▸ Exercise: When you reach the line with "Hopetoun-House-wedding-photography-Edinburgh-34.jpg", start repeating the lines exactly and keep going to the end of the records, but drop every picture.
Task inputs START
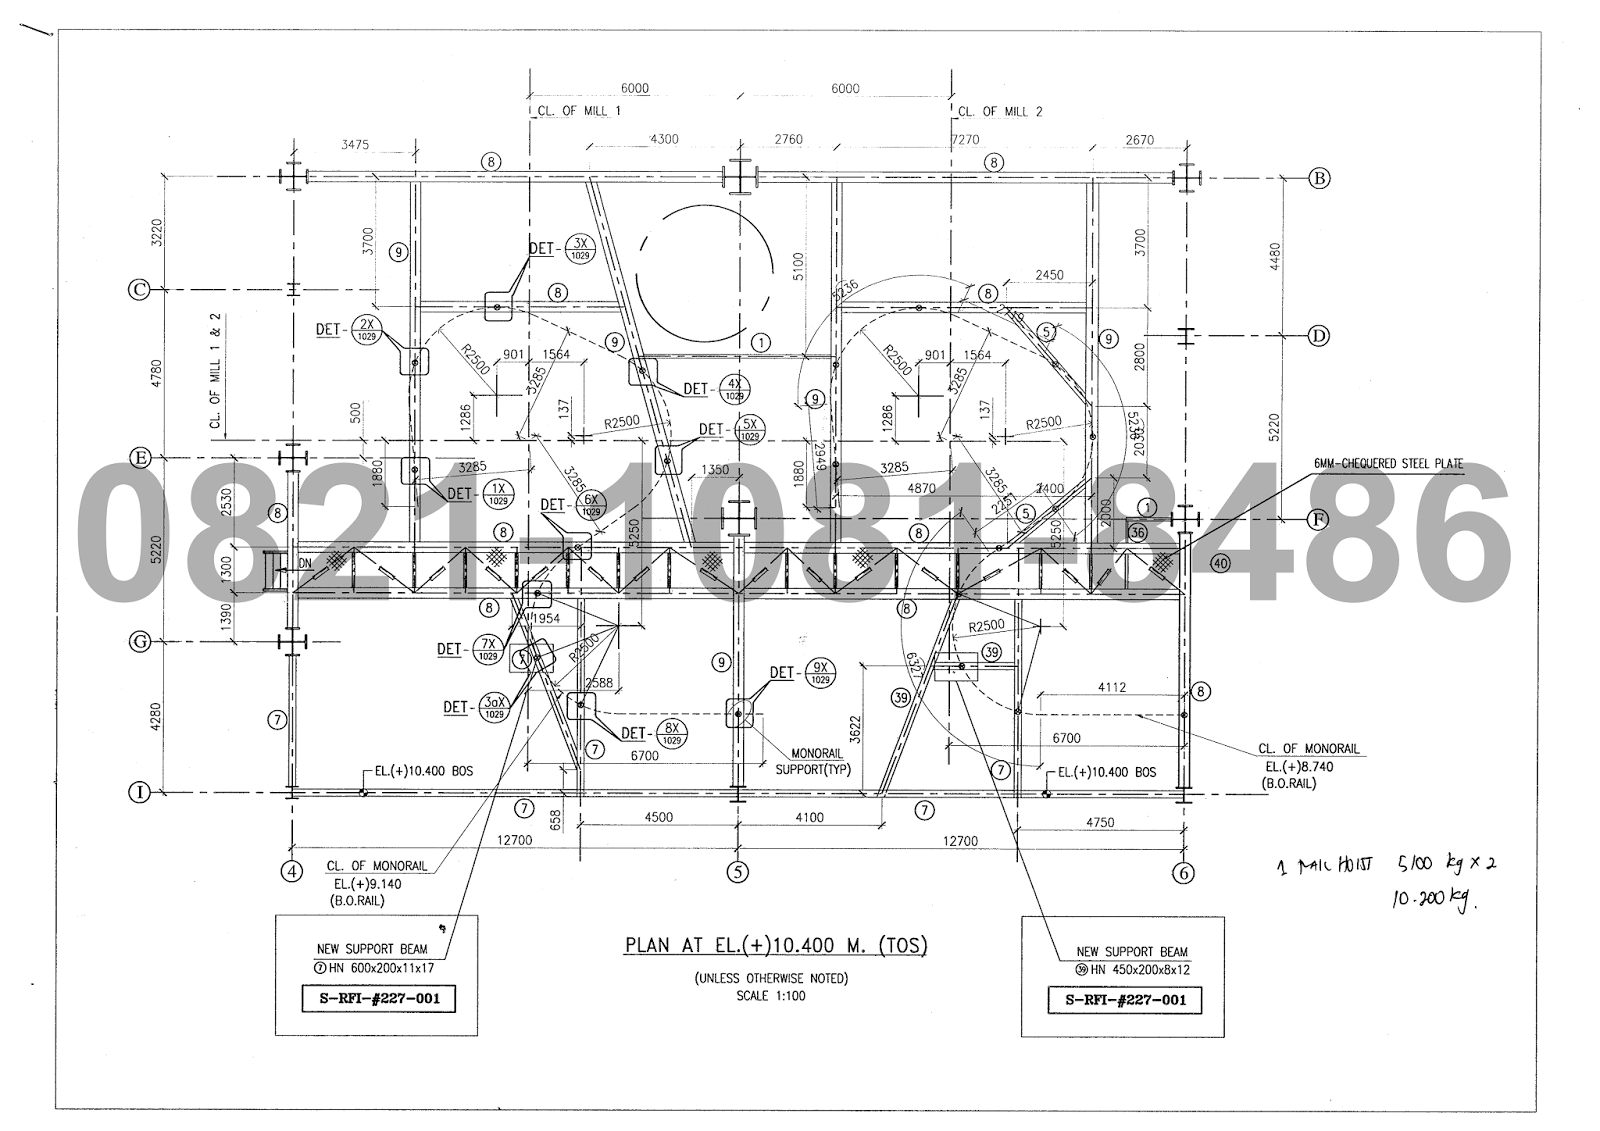 Jasa fabrikasi crane monorail wilayah jakarta dan sekitarnya jasa desain crane monorail fandeluxe Choice Image
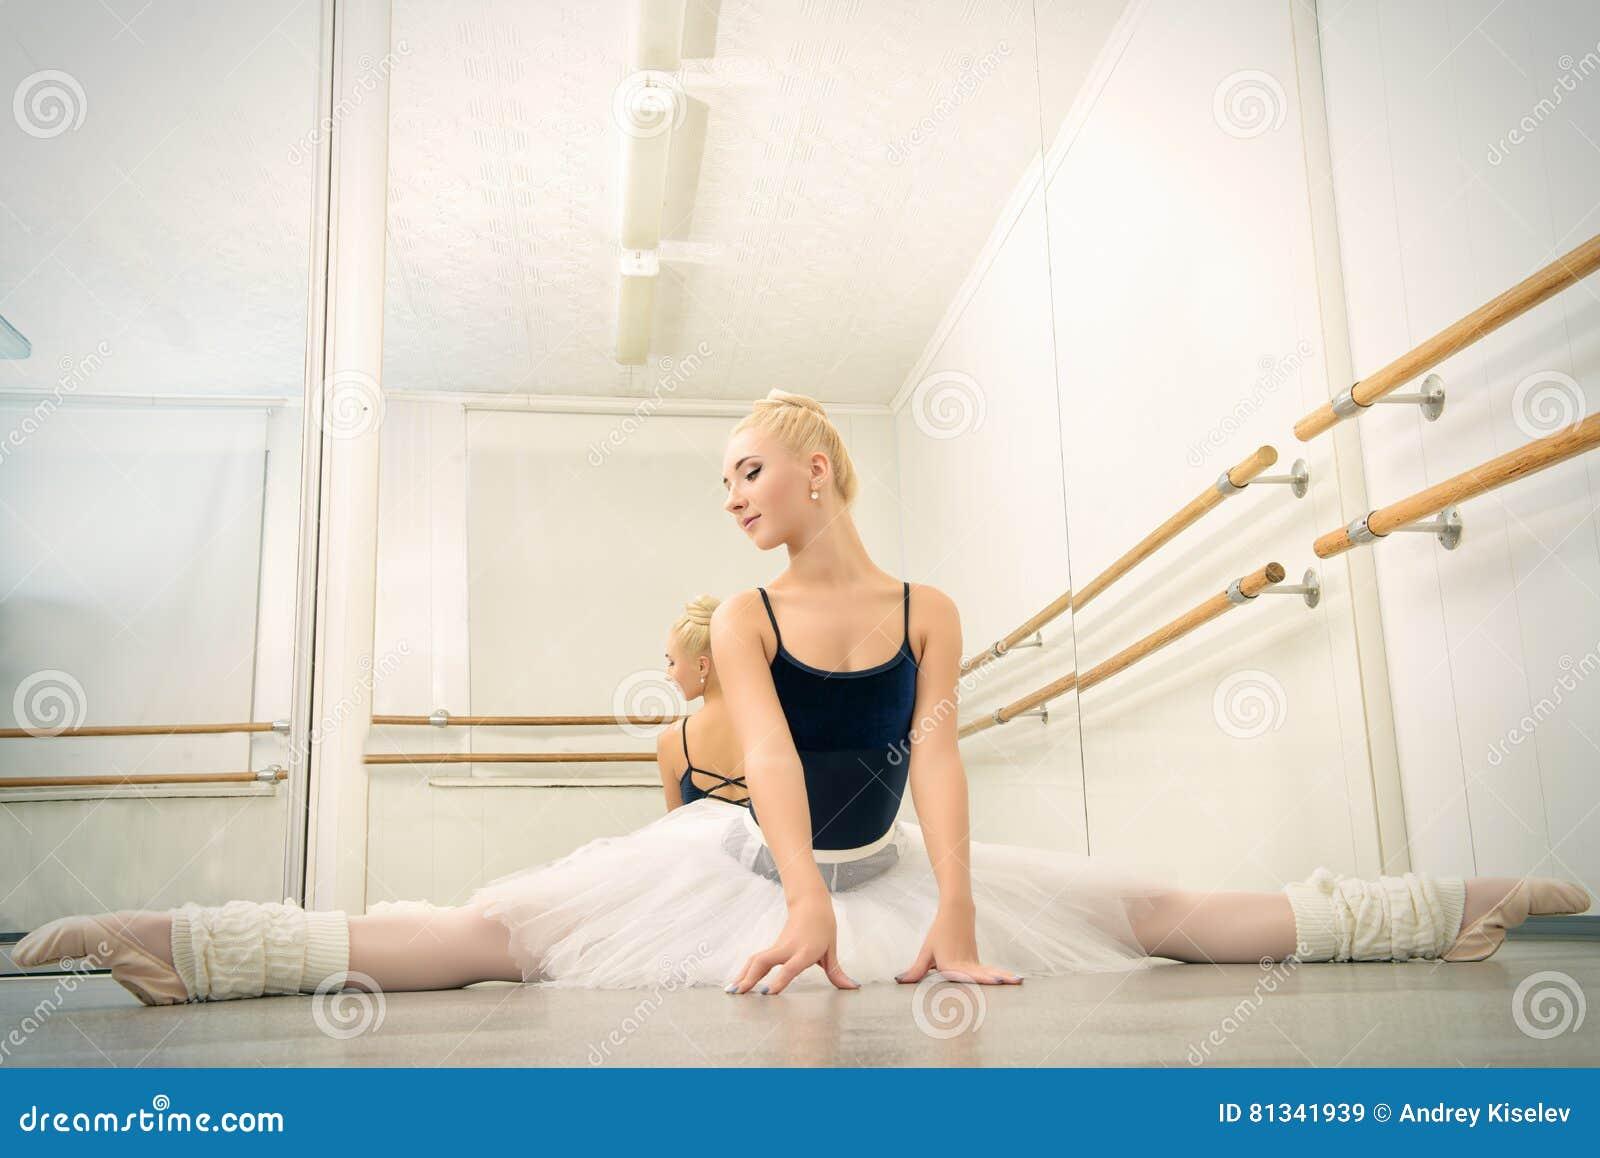 Training in ballet class
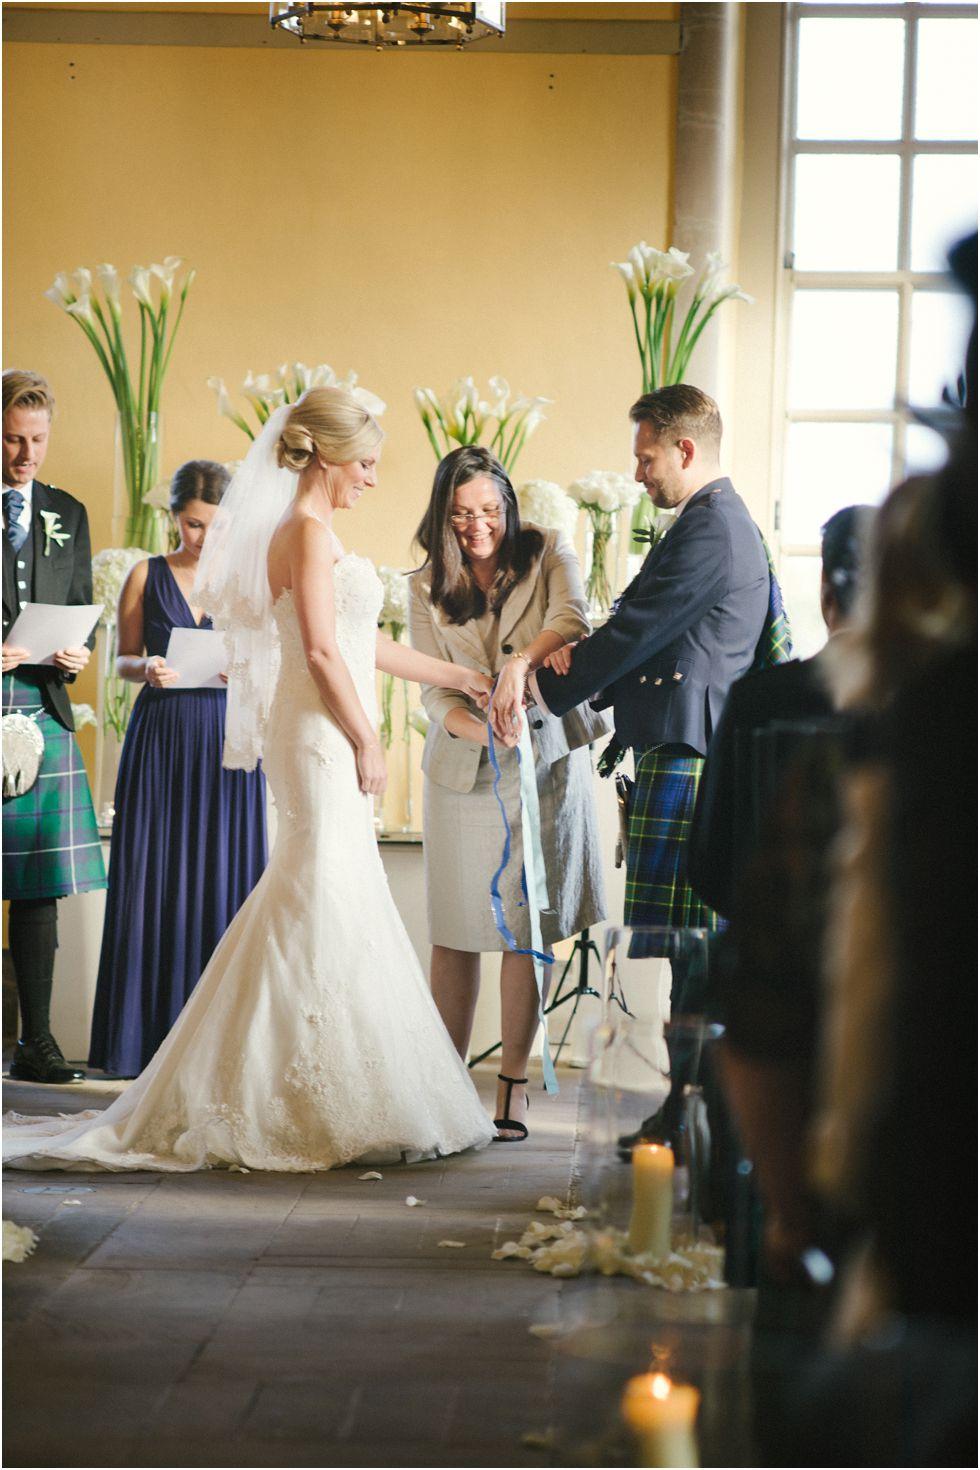 Hopetoun-House-wedding-photography-Edinburgh-34.jpg
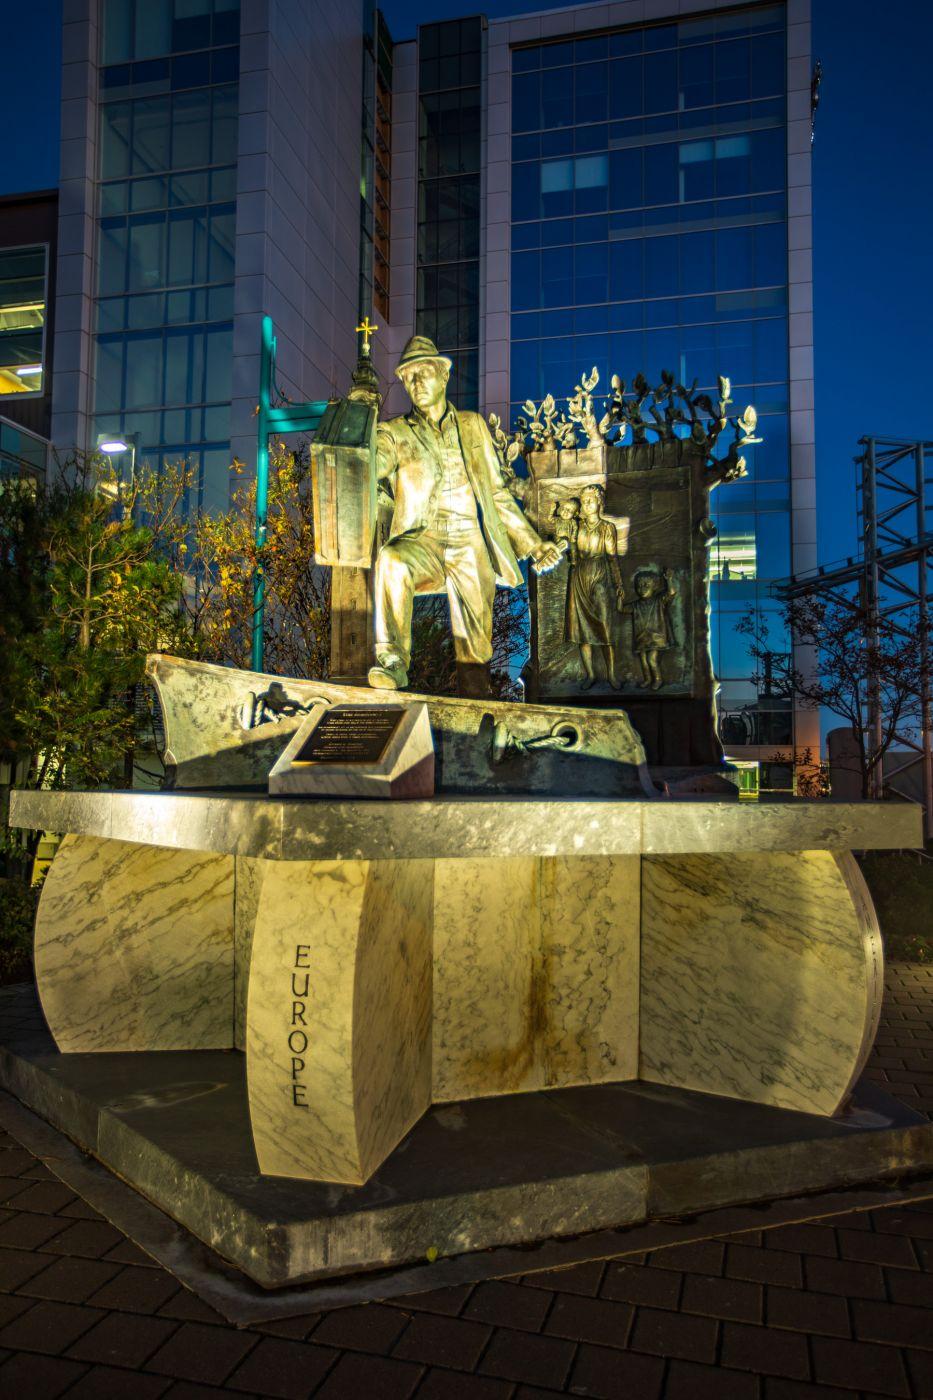 The Emigrant Statue Halifax, Nova Scotia, Canada
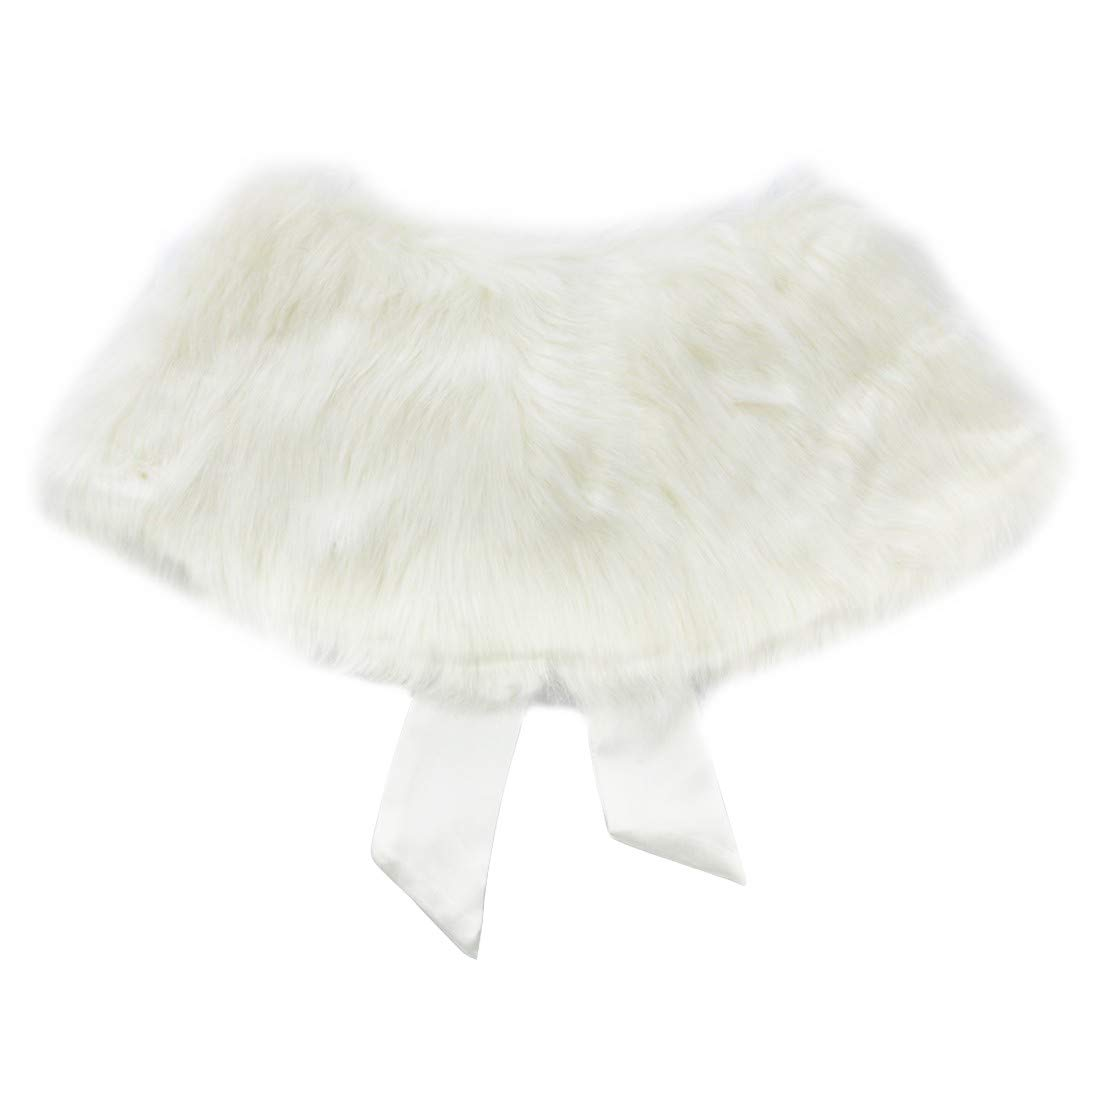 ranrann Kids Flower Girls Faux Fur Shawl Wrap Tippet Wedding Bridesmaid Bolero Shrug Princess Cloak Cape Accessories Cover up
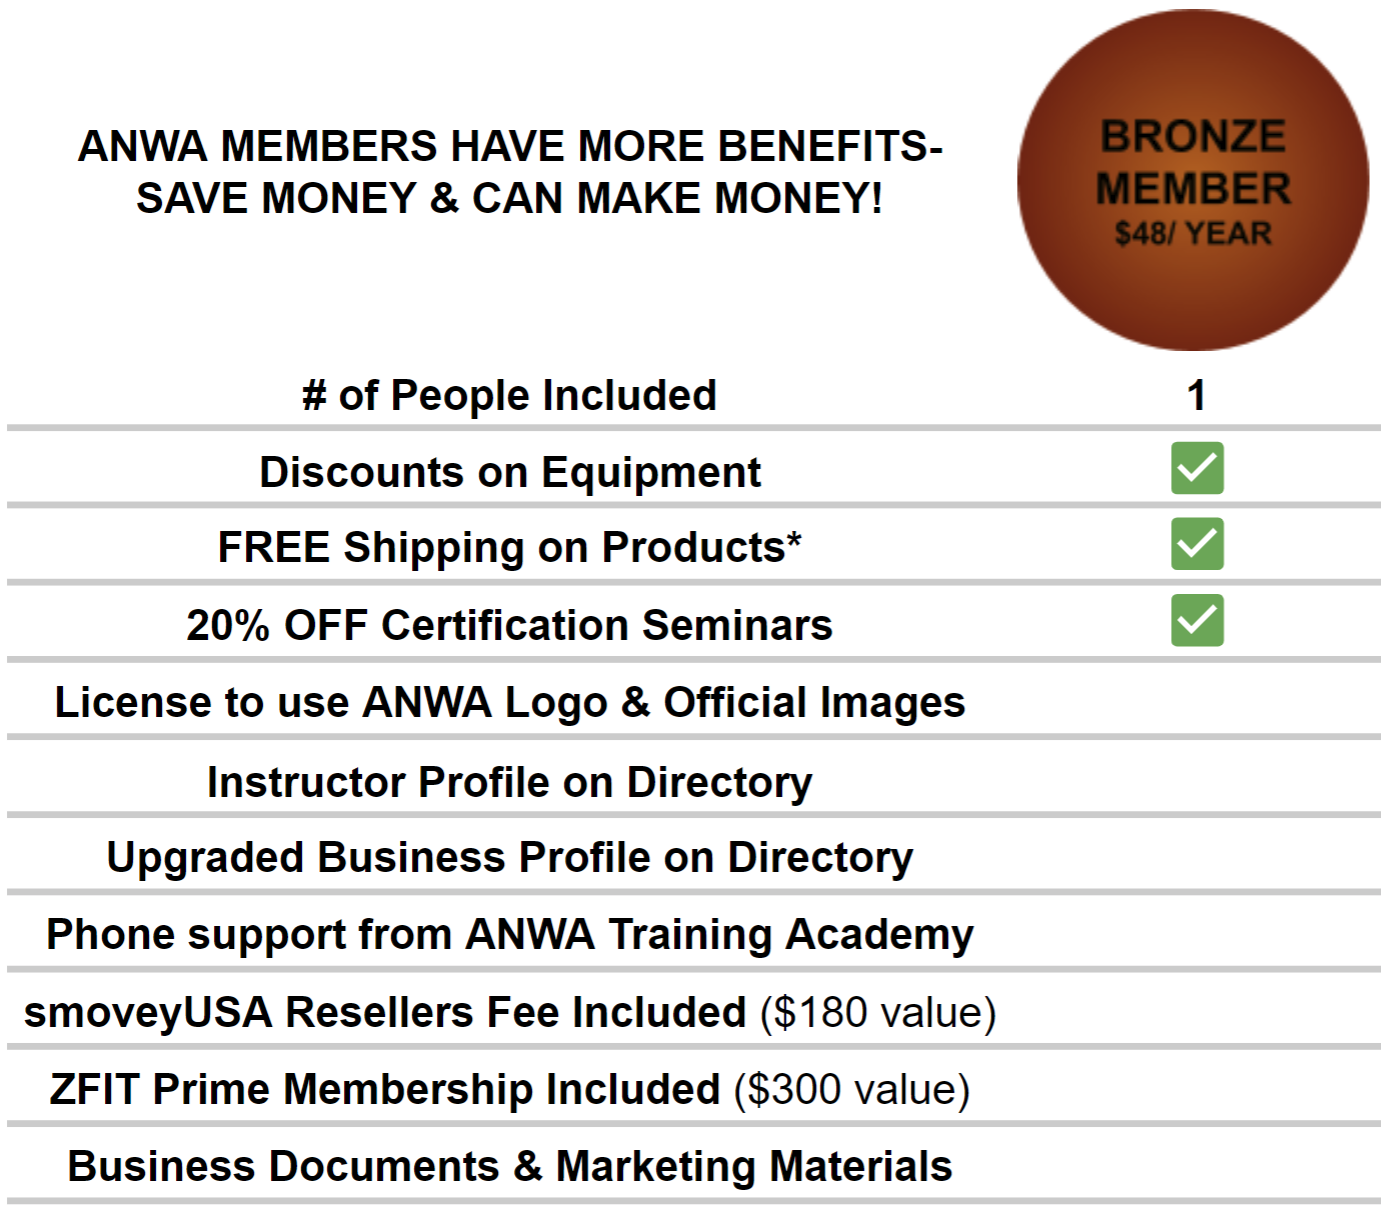 Nordic Walking Online- ANWA Membership Package- Bronze Member
Task inputs END
▸ Reply to the task:
 Hopetoun-House-wedding-photography-Edinburgh-34.jpg
 The Emigrant Statue Halifax, Nova Scotia, Canada
 ranrann Kids Flower Girls Faux Fur Shawl Wrap Tippet Wedding Bridesmaid Bolero Shrug Princess Cloak Cape Accessories Cover up
 Nordic Walking Online- ANWA Membership Package- Bronze Member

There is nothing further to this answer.